Ты любила касаться пальцем моих родинок, которыми усыпано лицо, любила наблюдать за мной во время сна, любила переплетать наши пальцы, любила целовать мои скулы, любила, когда я просыпался с улыбкой, любила, когда у меня было игривое настроение, любила, когда я смотрел на тебя, любила то, как я наблюдал за тобой, любила моё ворчание,любила мой запах, любила меня.

И ты любила вишню.

И я любил тебя.

Любил, как ты улыбалась мне. Только мне. Любил, как ты ворчишь, надувая пухлые щечки. Любил, когда ты давала мне отпор, когда сражалась с моим раздражением.

Ты терпела мои эмоциональные вспышки. Ты умела понять меня без слов. Могла успокоить, привести в порядок одним касанием и…

Вот. Я опять начинаю. Эти чертовы воспоминания, понимаешь, Черри? Я не могу без них. Они — часть меня. Ты часть меня. До сих пор, Чарли.

До сих пор я просыпаюсь с ощущением пустоты. Тебя нет рядом. И больше никогда не будет.

Тебя нет.

Чарли.

Я разрушаю себя, Черри. Разрушаю тем, что думаю о тебе.

Я должен, вынужден „избавиться от тебя в себе“.

Уверен, ты сама бы этого хотела. Хотела, чтобы я отпустил тебя, чтобы я смог, но это трудно. Это тяжелее, чем кажется. Тяжелее, чем осознать, что время не стоит, оно не остановилось, я всё ещё жив, но не ощущаю этого, не принимаю этот факт.

Я давно нормально не спал. Сплю по два часа в сутки. А то и меньше, Черри. Сейчас час ночи. Я сижу на кровати в пустой квартире и пишу этот бред, потому что мне это нужно, как воздух. Необходимо говорить об этом. Мне нужно спастись. Мне нужна ты.

И я не ел. Сегодня, кажется, не ел. И вчера. Только пью воду и курю.
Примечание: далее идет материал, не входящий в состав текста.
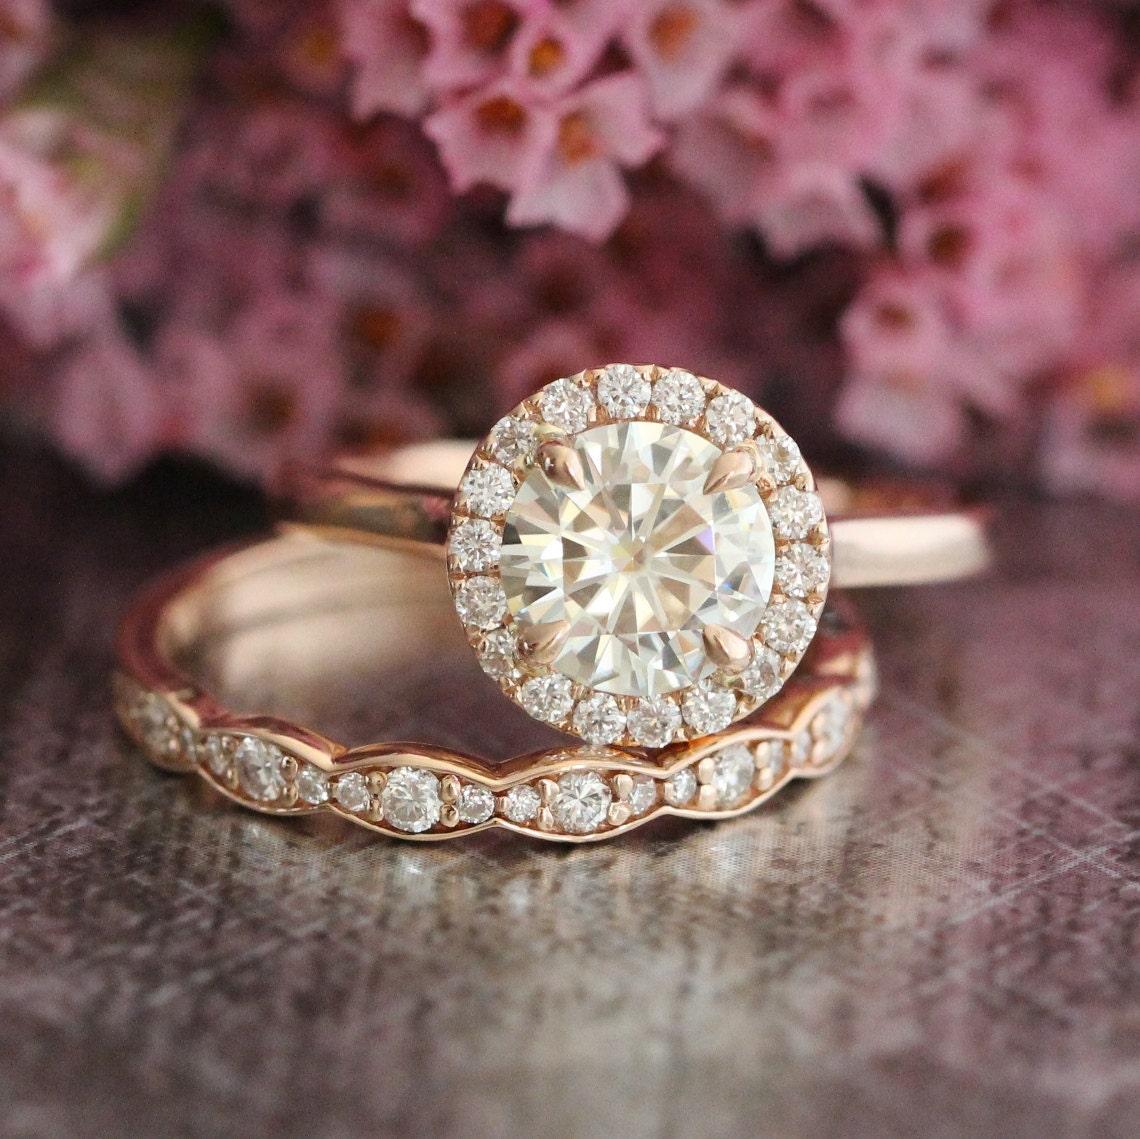 Rose Gold Moissanite Wedding Set Halo Engagement Ring and

Черри, я давно не выпивал. Последний раз был той ночью. Помнишь? Когда я ушёл. Тогда напился. Не смог попасть к тебе, Чарли, хотя, если бы не тратил время на тех ублюдков, то мог бы успеть.

Но я не успел.

Прости меня.

Господи, Чарли, умоляю, прости, я не успел. Я не могу жить с этим. Я должен был приехать. Я… Слишком много „я“, да? Так как это всё я. Я — проблема. Я мог успеть, черт возьми.

Прости меня, пожалуйста. Я никогда и ни за что не чувствовал такой боли, такой жажды умолять. Но мне никогда не узнать, простила ты меня или нет. Поэтому я буду писать тебе. Всё это время буду. Рвать тетради и начинать заново, ведь я должен знать.

Пожалуйста, прости.

Прости. Прости, прости.

простипростипростипростипростипростипростипростипрости

Прости меня.

Я должен отпустить тебя. Но буду вечно жить с грузом.

Нет, не смогу. Ни дня не протяну.

Что мне делать? Мне нужен выход, нужна помощь. Что мне делать? Что делать? Чарли, что мне делать?

Что делать? Мне не избежать очередного внутреннего сражения. С самим собой.

Я должен.

Я должен сказать тебе то, чего не говорил, когда ты была со мной.

Но уже поздно.

Поэтому говорю лишь „прощай“.

Прощай, Чарли.

***

Лондон.

23 декабря 2015 года.

В этом году зима пришла раньше, чем обычно. Улицы Лондона не покрыты белыми сугробами, да и холод не такой сильный. Скоро Рождество. И атмосфера в городе изменилась, деревья, дома украшены яркими гирляндами, запах пряности разносит морозный ветер по широкой улице. Ночь давно опустилась, но люди не спешили возвращаться в теплые квартиры.

Белый пар облаками уносится вверх, когда она приоткрывает губы, немного опуская пальцами ткань вязаного шарфа. Наблюдает серо-голубыми глазами, как пар растворяется в воздухе, после чего слабо улыбается, поморщив носик.

— Ты меня не слышала? — он грубо натягивает шарф ей на лицо, игнорируя её тихое возмущение:

— Прекрати, я тебе не ребенок, — вновь опускает ткань, глубоко дыша носом, но корчится, начиная чихать.

— Моя вина, что ты заболела прямо перед Рождеством? — парень недовольно ворчит, поднося к губам стакан с горячим кофе.

Они стояли на торговой улице, которая была красиво украшена. Здесь довольно многолюдно, в воздухе витают разные запахи, которые помогают в полной мере ощутить приближение семейного праздника.

Но эти двое не празднуют его в кругу семьи.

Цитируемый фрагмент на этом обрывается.